Dataset entries
========

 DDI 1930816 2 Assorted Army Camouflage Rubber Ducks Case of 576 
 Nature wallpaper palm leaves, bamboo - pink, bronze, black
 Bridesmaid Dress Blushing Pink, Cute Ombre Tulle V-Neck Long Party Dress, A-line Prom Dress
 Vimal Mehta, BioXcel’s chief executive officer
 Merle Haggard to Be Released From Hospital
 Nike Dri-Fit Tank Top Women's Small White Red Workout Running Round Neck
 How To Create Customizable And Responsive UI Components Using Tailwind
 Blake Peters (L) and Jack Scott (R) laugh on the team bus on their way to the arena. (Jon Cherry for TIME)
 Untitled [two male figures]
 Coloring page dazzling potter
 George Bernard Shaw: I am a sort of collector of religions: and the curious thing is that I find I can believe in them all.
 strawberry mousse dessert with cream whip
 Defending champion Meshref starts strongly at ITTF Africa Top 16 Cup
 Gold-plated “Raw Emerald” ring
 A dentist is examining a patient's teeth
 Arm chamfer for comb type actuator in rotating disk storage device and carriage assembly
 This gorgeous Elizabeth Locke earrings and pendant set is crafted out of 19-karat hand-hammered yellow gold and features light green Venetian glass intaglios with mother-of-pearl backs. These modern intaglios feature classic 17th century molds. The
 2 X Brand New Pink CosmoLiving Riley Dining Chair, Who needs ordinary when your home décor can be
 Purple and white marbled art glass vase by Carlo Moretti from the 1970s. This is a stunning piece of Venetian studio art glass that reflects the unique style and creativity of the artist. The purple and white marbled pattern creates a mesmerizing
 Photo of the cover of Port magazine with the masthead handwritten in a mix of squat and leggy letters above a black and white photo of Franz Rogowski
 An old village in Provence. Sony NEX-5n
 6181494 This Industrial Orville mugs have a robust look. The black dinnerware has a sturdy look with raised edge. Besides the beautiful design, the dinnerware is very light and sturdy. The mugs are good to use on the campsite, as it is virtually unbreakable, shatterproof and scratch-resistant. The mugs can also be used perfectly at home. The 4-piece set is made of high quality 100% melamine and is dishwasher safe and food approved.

========

Copy the records above exactly, beginning at the line that contains "Nature wallpaper palm" and stopping after the line that contains "Merle Haggard to Be Released From Hospital".

 Nature wallpaper palm leaves, bamboo - pink, bronze, black
 Bridesmaid Dress Blushing Pink, Cute Ombre Tulle V-Neck Long Party Dress, A-line Prom Dress
 Vimal Mehta, BioXcel’s chief executive officer
 Merle Haggard to Be Released From Hospital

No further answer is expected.